**Exercise directions**
Would you copy the lines below exactly and omit the images?

**Available data**
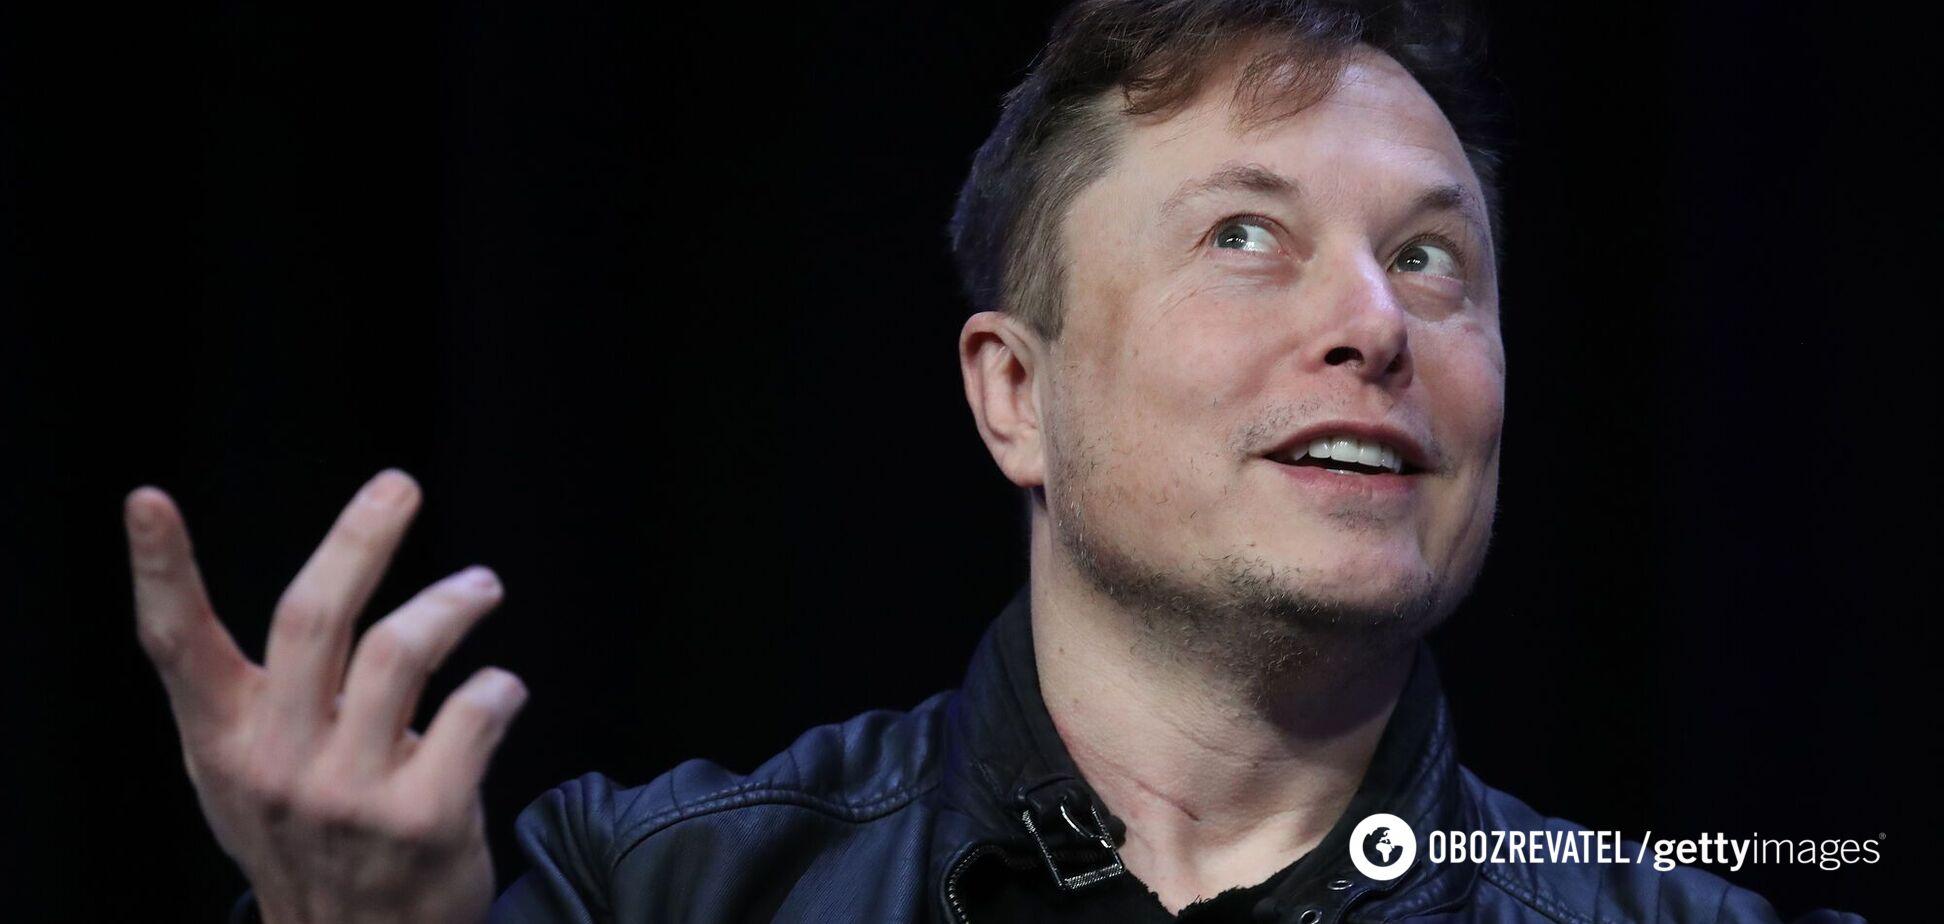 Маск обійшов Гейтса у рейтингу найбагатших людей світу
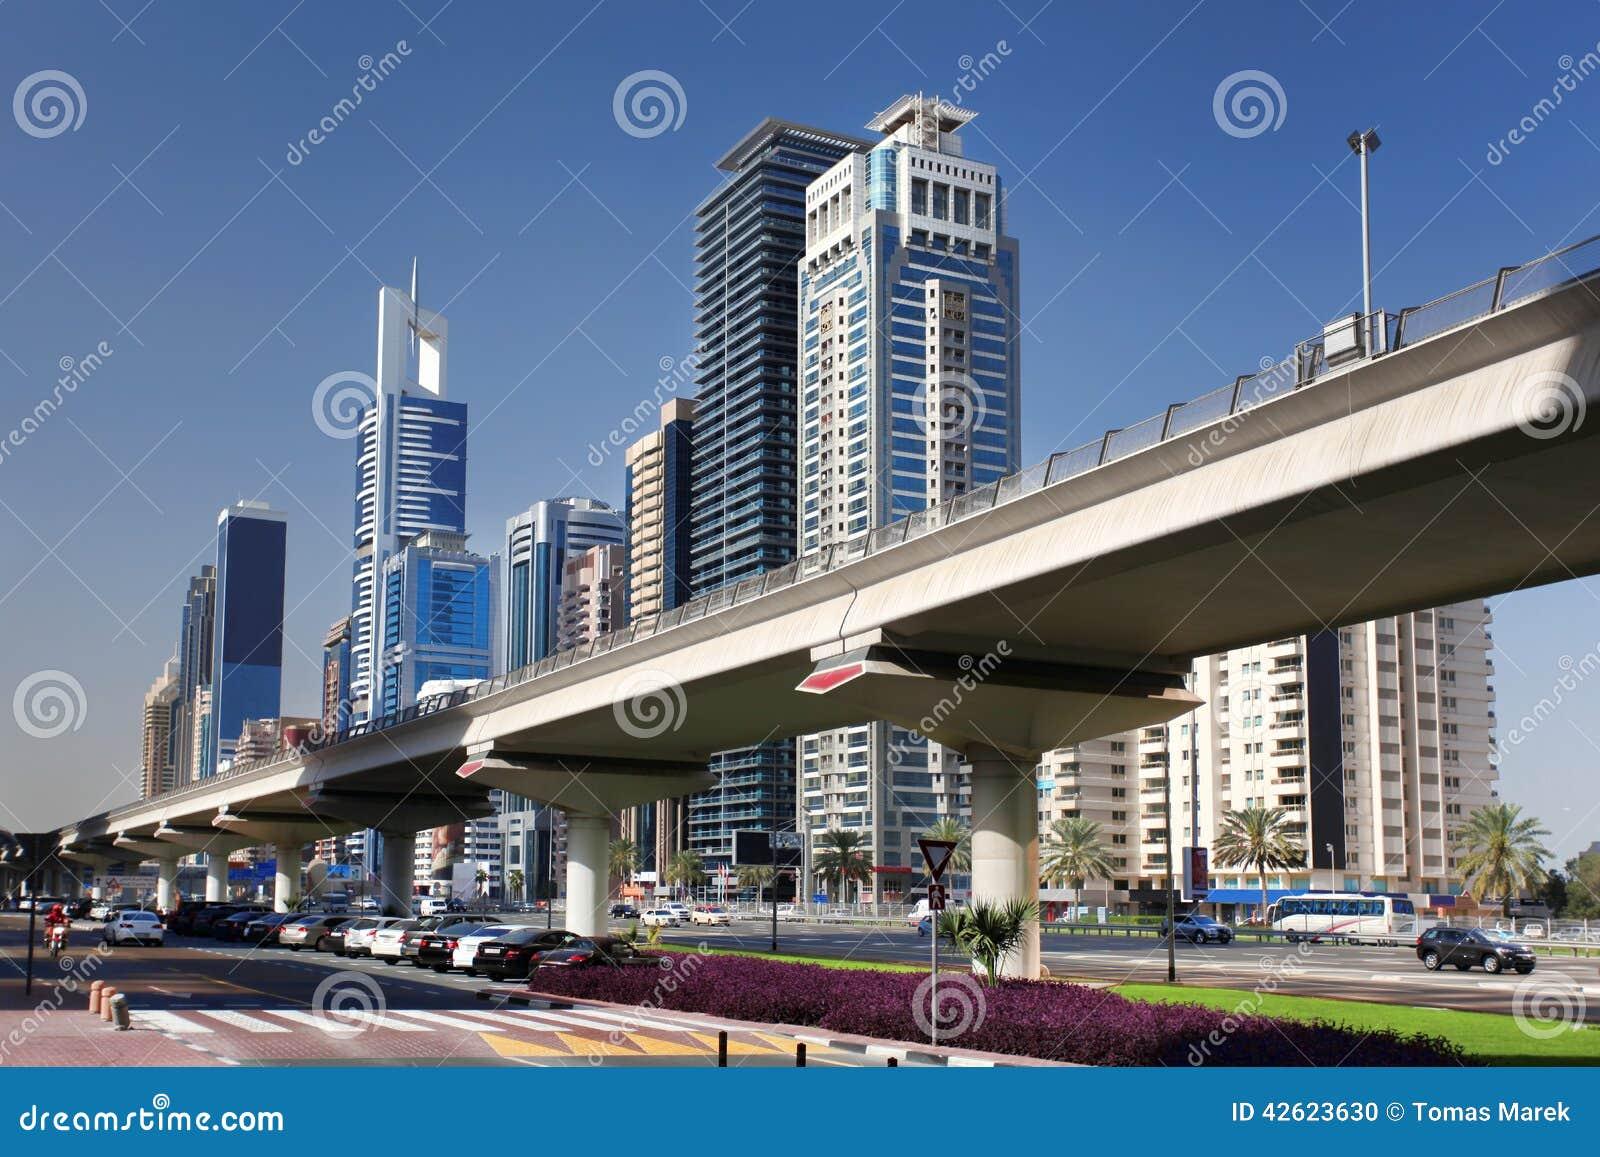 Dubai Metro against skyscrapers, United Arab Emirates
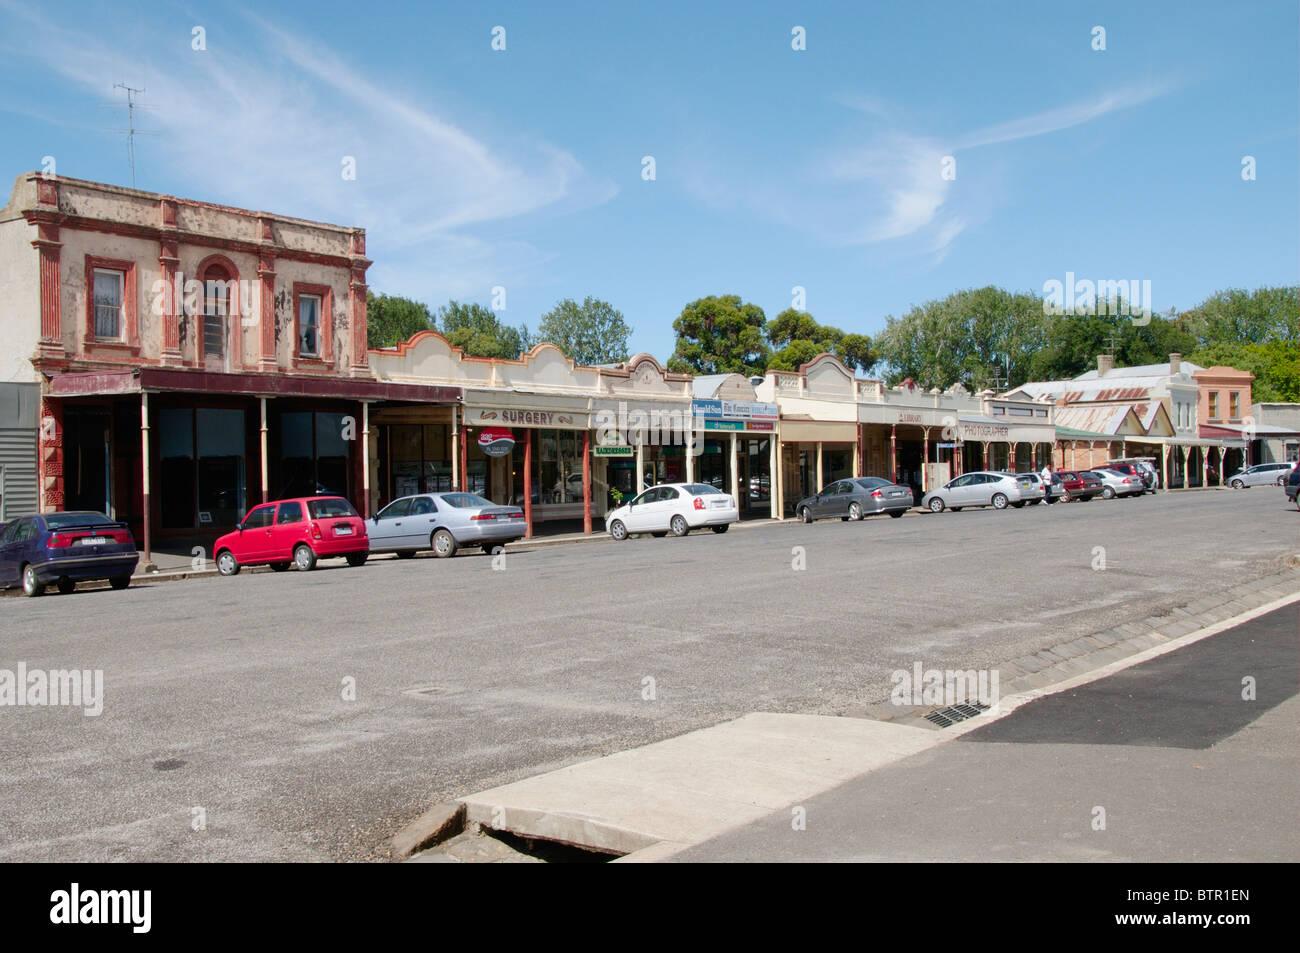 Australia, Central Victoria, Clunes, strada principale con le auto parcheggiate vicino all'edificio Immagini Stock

**Exercise solution**
 Маск обійшов Гейтса у рейтингу найбагатших людей світу
 Dubai Metro against skyscrapers, United Arab Emirates
 Australia, Central Victoria, Clunes, strada principale con le auto parcheggiate vicino all'edificio Immagini Stock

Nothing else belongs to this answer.